"Yuppy Love" is an episode of the BBC sitcom Only Fools and Horses. It originally aired on 8 January 1989 and is the first episode of series six, marking the start of the increase in running time from thirty minutes to fifty minutes per episode.

Synopsis
Having seen and been strongly influenced by the film Wall Street, especially its lead character, the ruthless corporate high-flyer Gordon Gekko, Del Boy has decided to adopt a new "yuppy" image, donning a striped shirt and red braces, and carrying a filofax and a silver briefcase. Rodney in turn has joined an evening computer class in an attempt to earn a diploma and finally get a proper job. His efforts to learn to programme the Amstrad CPC 6128 are mocked by his family. At the computer class Rodney meets and is attracted to Cassandra Parry and meets her again later at a nightclub, where she offers to give him a lift home. She first drives to her house and Rodney feels upstaged by Cassandra's luxurious lifestyle. Embarrassed at the thought of Cassandra seeing their council flat in Nelson Mandela House, Rodney instead leads her to King's Avenue, an expensive and very up market road, implying that he lives there and has to stand in the driveway, being seen by the homeowners. Despite soon finding out that he actually does not Cassandra still phones and agrees to meet Rodney again.

"Falling through the bar" scene
The episode features a scene in which Del, leaning against a bar flap in a local bistro, moves away from it to point some women out to Trigger, and then leans back again, unaware that, in that short space of time, the bartender had just lifted it up. He falls straight down, and Trigger does a double-take when he looks around and finds that Del has "disappeared". On 21 December 2006, this scene was nominated in the UKTV Gold Top 40 Greatest Only Fools Moments, and subsequently voted the most popular scene of the entire programme. It was also named the "7th Greatest Television Moment" of all time in a 1999 Channel 4 poll, beating the likes of John F. Kennedy's assassination, the Queen's coronation and Winston Churchill's funeral. In 2008, Empire placed Only Fools and Horses 42nd on their list of "The 50 Greatest TV Shows of All Time" and cited "Yuppy Love" as the show's best episode.
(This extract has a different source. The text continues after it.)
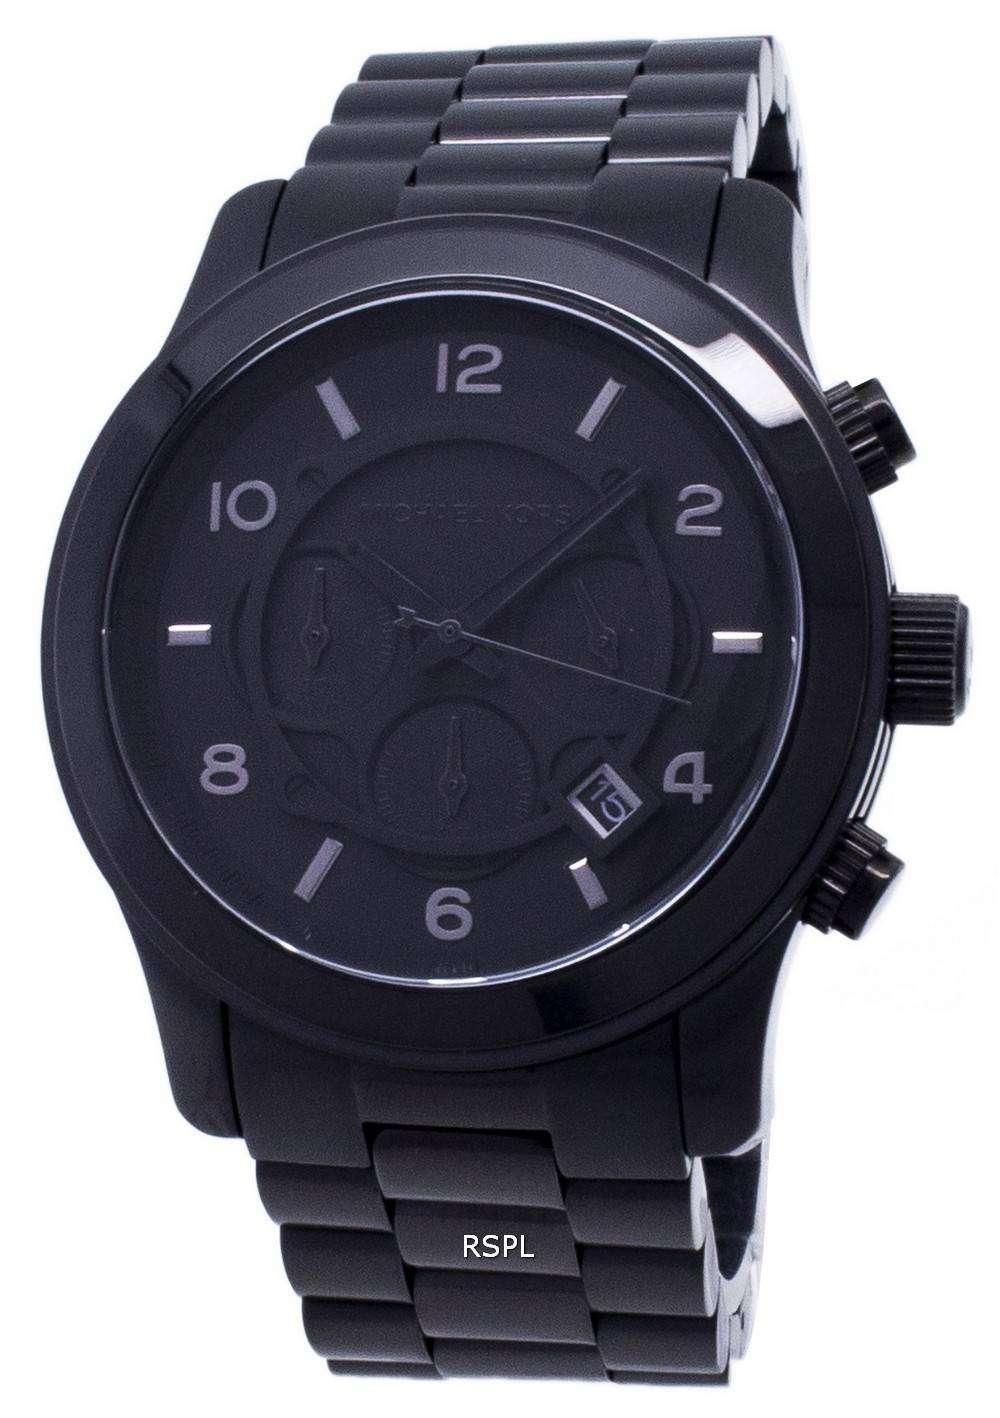 7e5f7c33b9d4 Michael Kors Blacked Out Runway Chronograph MK8157 Mens Watch ...

A similar scene also occurs in Last of the Summer Wine when Eli falls behind the bar.

Episode cast

First appearances 

 Gwyneth Strong as Cassandra Parry

Notes 

 The episode title is a pun on the popular song and saying, Puppy Love.

Episode concept
The new image for Del Boy was based on Gordon Gekko from the movie Wall Street (Rodney mentions that his brother saw the film six times), as part of the yuppy movement that was popular at the time. The episode also introduces Cassandra into the series.

Music
 The Funky Worm: "The Spell! (Get Down With The Genie)"
 Errol Brown: "Love Goes Up And Down"
 The Pasadenas: "Enchanted Lady"
 Chris de Burgh: "The Lady in Red"
 Al Bowlly & Ray Noble: "Makin' Wickey Wackey Down in Waikiki"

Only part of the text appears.